Here, the false and widely disputed notion in the IHRA definition that Israel embodies some kind of “collective Jew” is revealed in fact to be permissive of anti-semitism. Orban says he cannot possibly be anti-semitic because he loves Israel, the “Jewish state”. But his recent election campaign and his authoritarian pronouncements are permeated with classical and vile  racism against Jewish people. He singles out individuals such as the financier George Soros as representative of “the Jew” conspiring to bring down the Hungarian and European nations. Three weeks before election day in April this year, he said in a speech:

“We are fighting an enemy that is different from us. Not open, but hiding; not straightforward but crafty; not honest but base; not national but international; does not believe in working but speculates with money; does not have its own homeland but feels it owns the whole world,”
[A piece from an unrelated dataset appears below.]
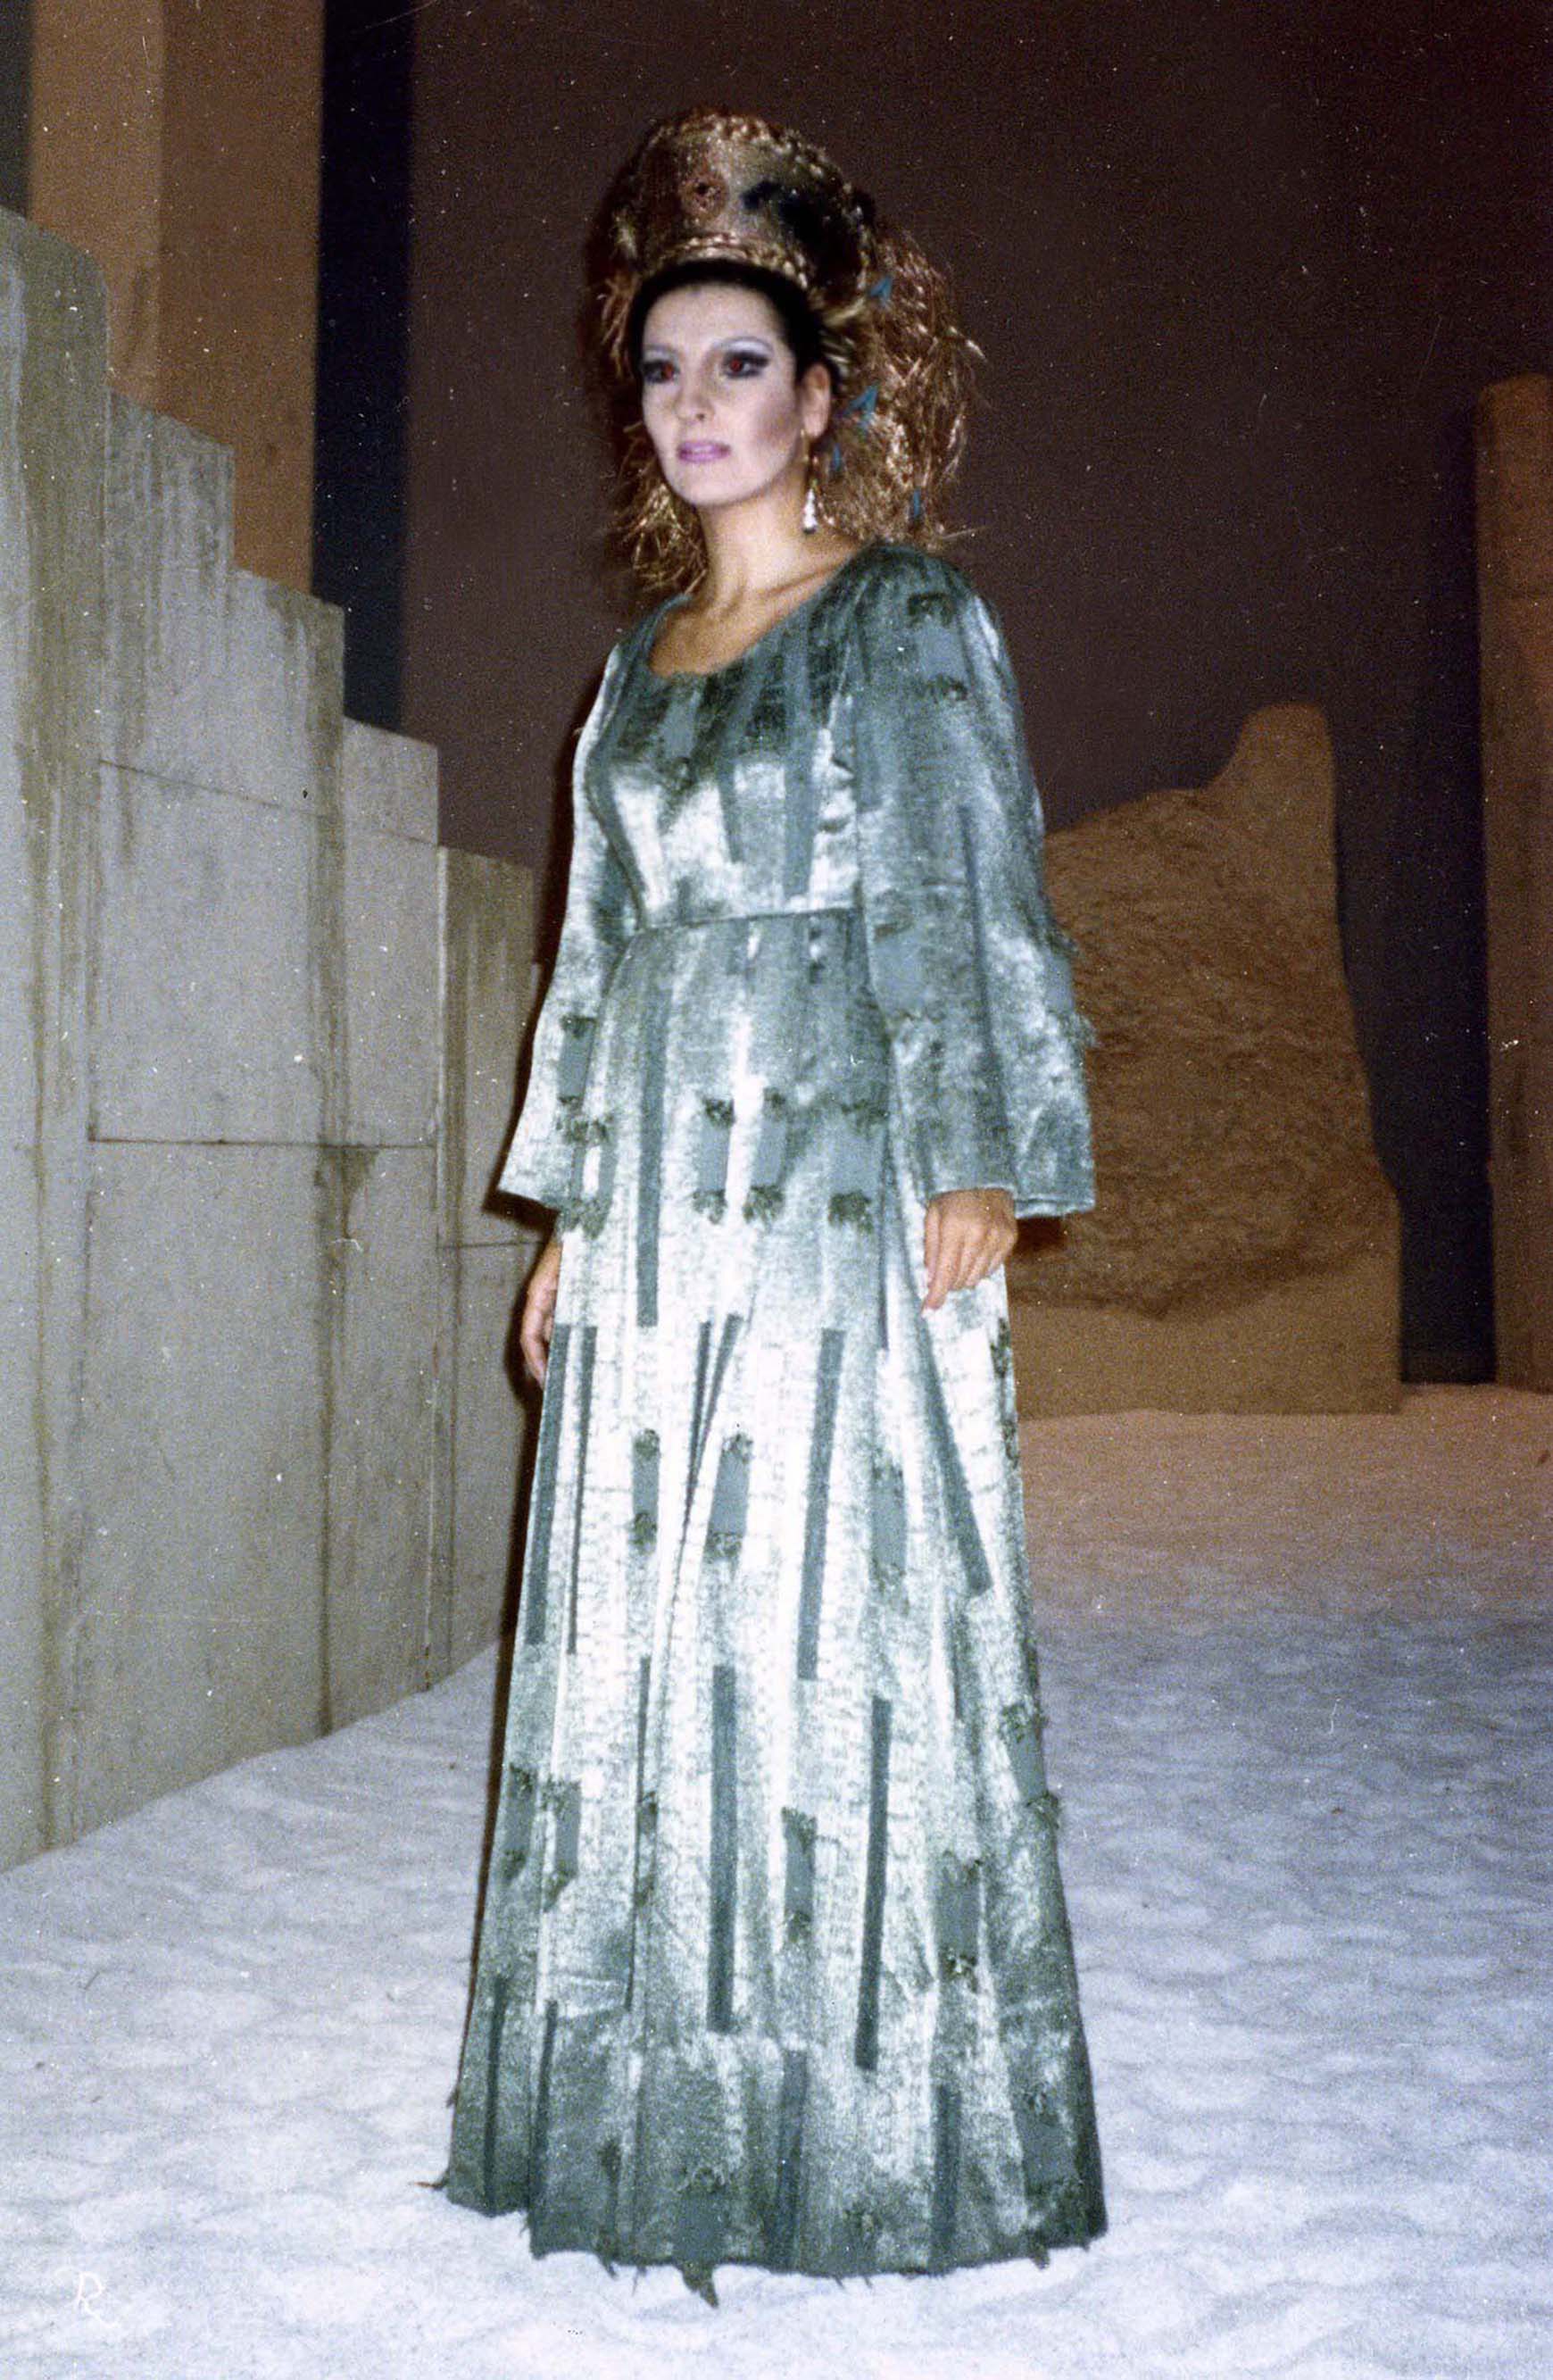 Lucia Aliberti⚘Théatre du Capitole⚘Toulouse⚘Opera⚘"Semiramide"⚘On Stage⚘:http://www.luciaaliberti.it #luciaaliberti #theatreducapitole #toulouse #semiramide #opera #onstage

Orban’s government has signed up to the IHRA definition that Corbyn’s Labour is held to be shameful in not adopting in full because of its “examples” that conflate opposition to Israel with anti-semitism.

There’s a further problem. The definition is itself inadequate in identifying real anti-semitism. It starts: “Antisemitism is a certain perception of Jews, which may be expressed as hatred toward Jews.” That is an extraordinarily vague and ill-formed definition. Anti-semitism “is a certain perception of Jews” (as opposed to what, a nebulous conception of Jews) that “may be expressed as hatred toward Jews” – may? So it may not. It may not be hatred toward Jews, or it may not be expressed? What is it then?

Tomlinson says that, at the very least, that would have to be reformulated as: “Antisemitism is a particular attitude towards Jews, which is expressed as hatred toward Jews”. But he continues:

“Even in these amended terms the definition is unsatisfactory. The apparent confining of antisemitism to an attitude which is ‘expressed’ as a hatred of Jews seems too narrow and not to capture conduct which, though not expressed as hatred of Jews is clearly a manifestation of antisemitism. It does not, for example, include discriminatory social and institutional practices.”

For any anti-racist, a failure to understand how a type of racism takes institutional and socially discriminatory forms is a major omission and a retreat from decades of gains by the anti-racist movements in Britain.

So it is not only the rights of the Palestinians, free speech and the socialist left that would be the victims of the capitulation to this dodgy definition that some labour movement voices are demanding. It would also be the fight against genuine anti-semitism and our understanding of racism as a whole as something structured into society and not just individual prejudices.

It’s past time to stop the retreat on this. A huge amount is at stake – on every progressive front. This meeting in London in ten days time is a good, broad effort building on lots that has gone before, to rally forces to do just that.

The risk is not that the right is advancing like a juggernaut. It’s that the left retreats and surrenders in complete disarray. That’s what can open the door to the right – both the establishment and far right. That cannot be allowed to happen. A big lie is being told – and all on the left should stand up to it.